The Bank of England’s “inadvertent” sale of 13 of the gold bars to another party raised other issues not relevant to the aviation case, counsel said.

Another quirky case unearthed by Collins and his team concerned liability for a Venetian gondola damaged by a forklift while en route to Australia. An Australian man – “for reasons known only to himself” – had bought the gondola and made a claim when it was damaged during transit, Collins said. A legal case ensued, and a court decided an exclusion in the insurance policy applied because the gondola was within the control and custody of the transport company.

Submissions made by Collins provided some insight into the extent of the business of the plaintiff lessors. SMBC has a fleet of 400 aircraft, each valued at about €70 million, for which it continues to pay insurance premiums.
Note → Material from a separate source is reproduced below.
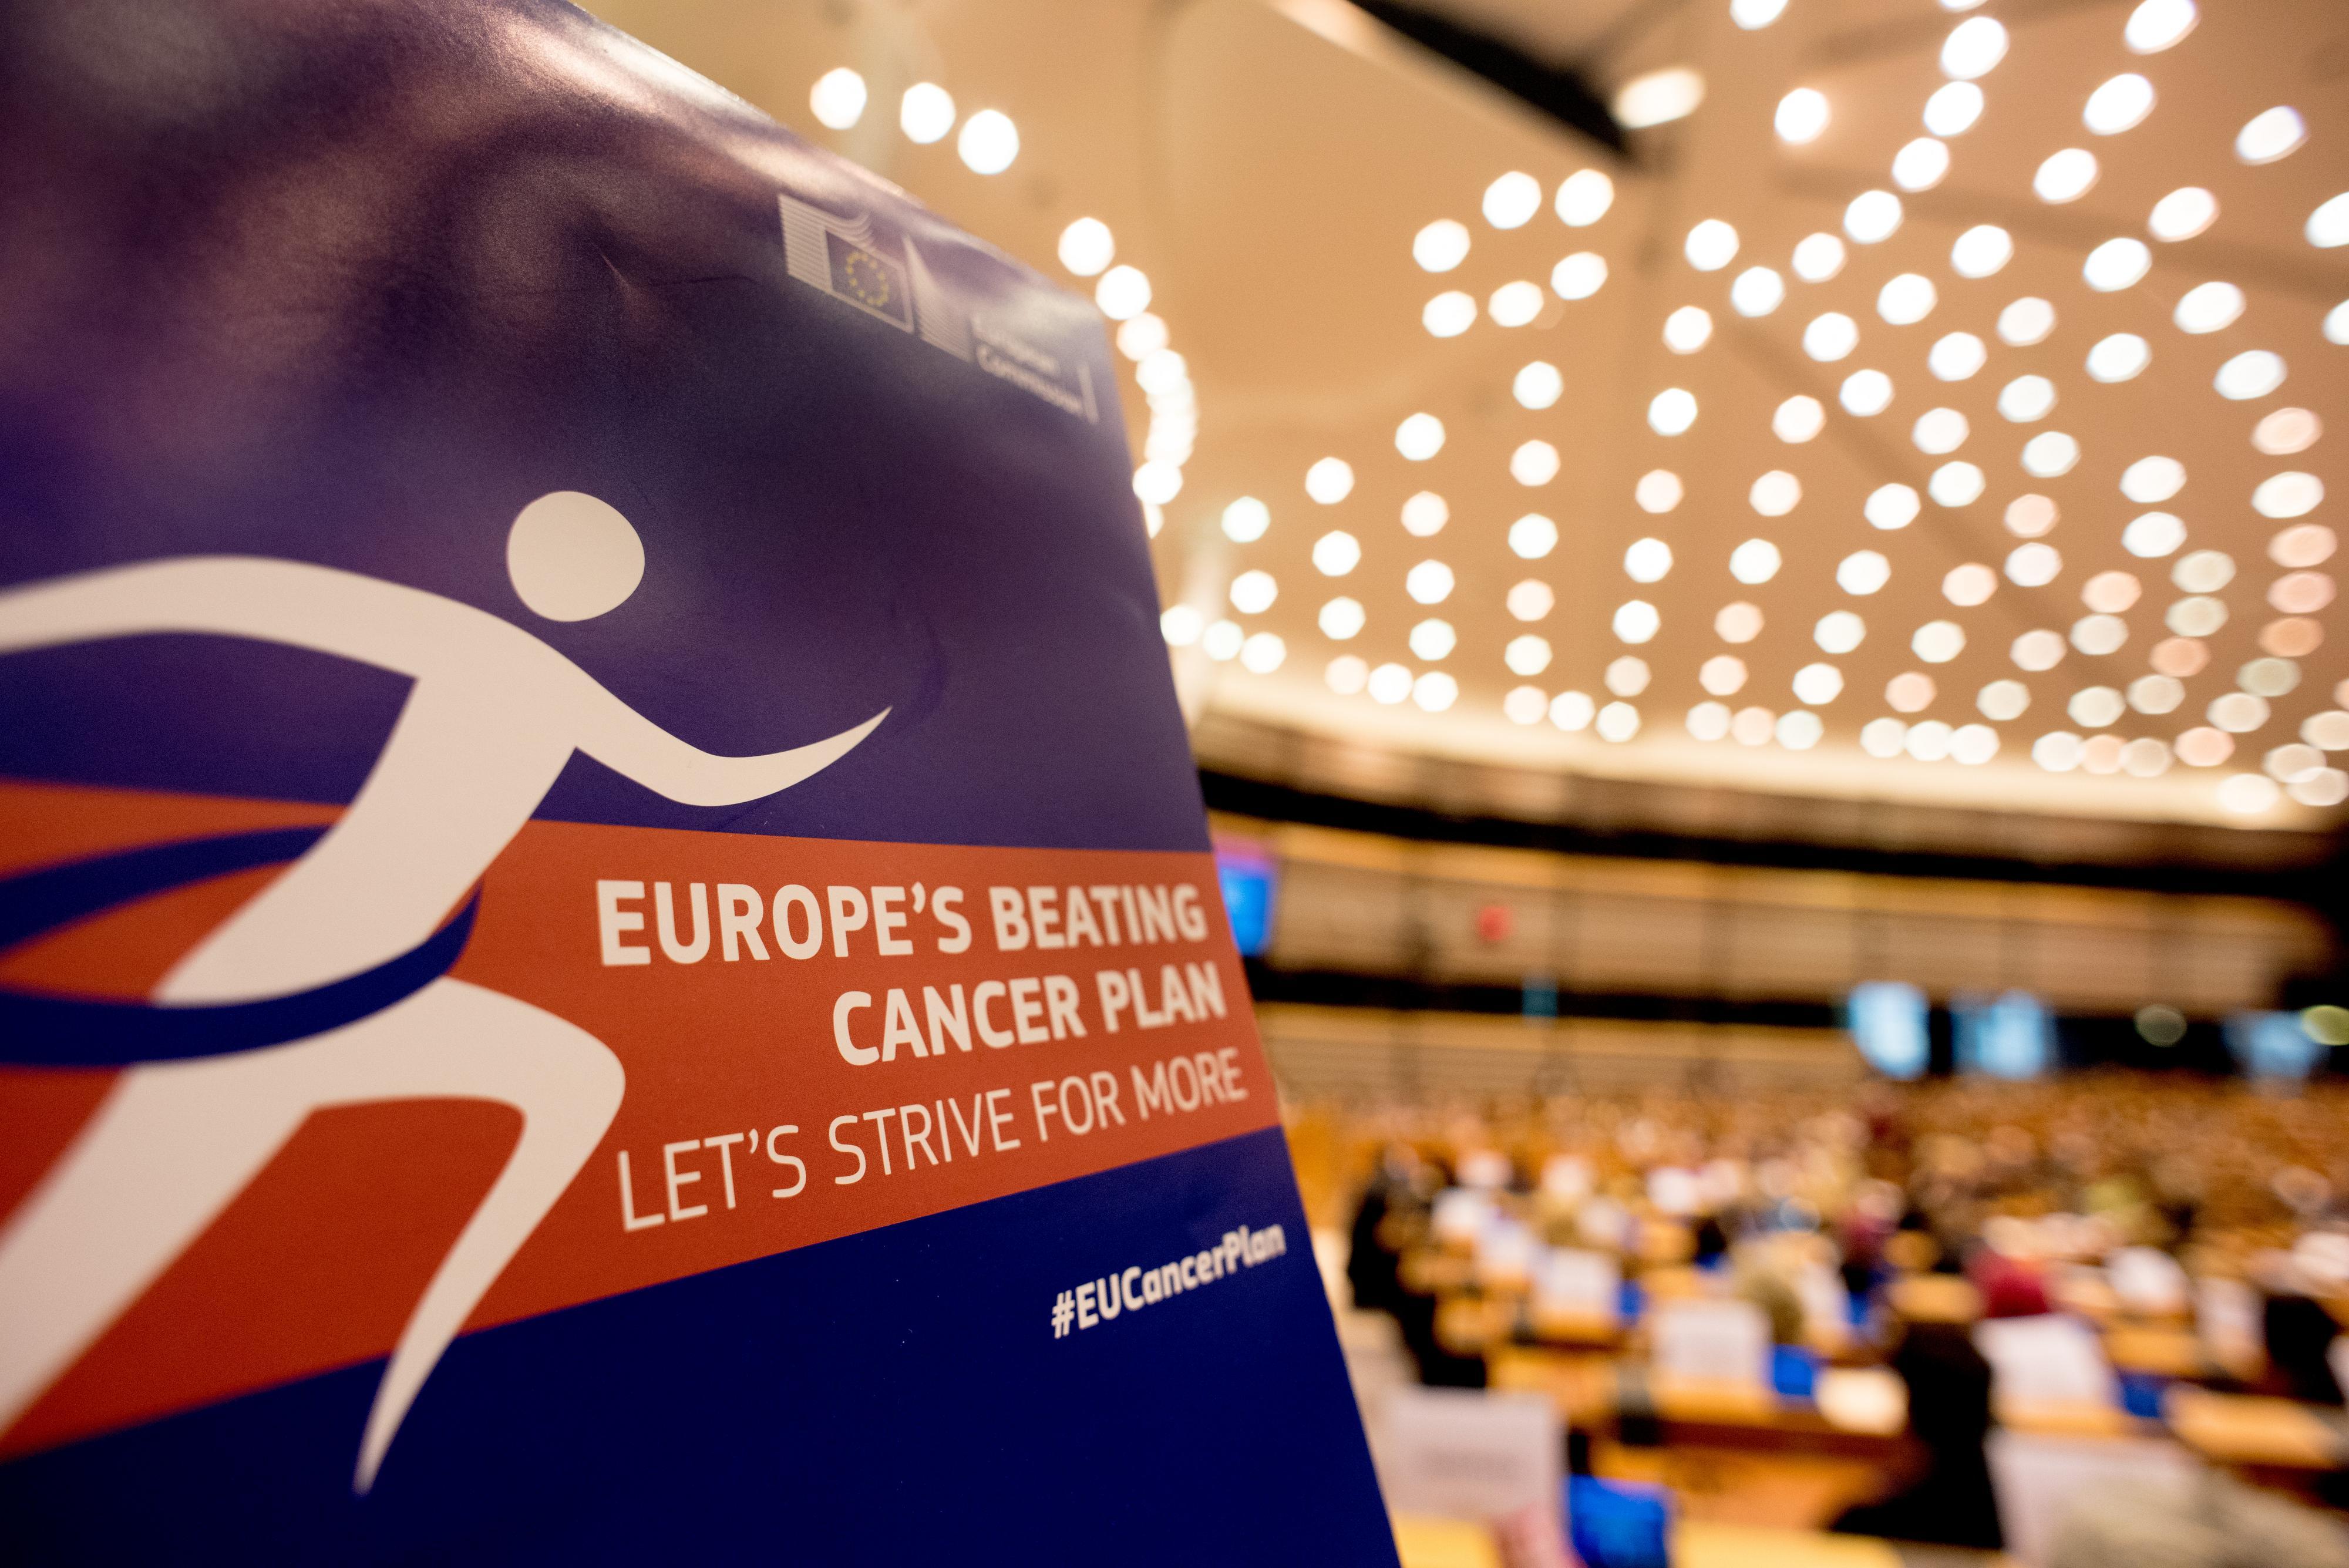 Poster: Europe's Beating Cancer Plan. Photo: European Union 2020

The company’s insurers “owe us a duty of good faith”, he said.

“We are still paying them premiums; it is just quite extraordinary that they have not paid out on the policies as they should have done.”

It is “extraordinary”, he added, that the insurers have adopted such defences and advanced such “technical points”.

Another senior counsel, Eoin McCullough, is representing aircraft lessor clients including Avolon – co-founded by businessman Dómhnal Slattery – and BOC. He was also critical of the approach taken by insurers.

Some defences advanced appeared to suggest his client might have to spend millions of euro in irrecoverable costs in pursuing Russian insurers and reinsurers, with no guarantee of payment even if it wins, before having any cover paid out, he said.

“Is it really the proper interpretation of the policy that I have to take on all of that as the basis to be paid under contingent cover?” he asked.

The insurers have denied the claims.

Only time will tell whether they succeed on their “technical” points – time that will come with great legal cost.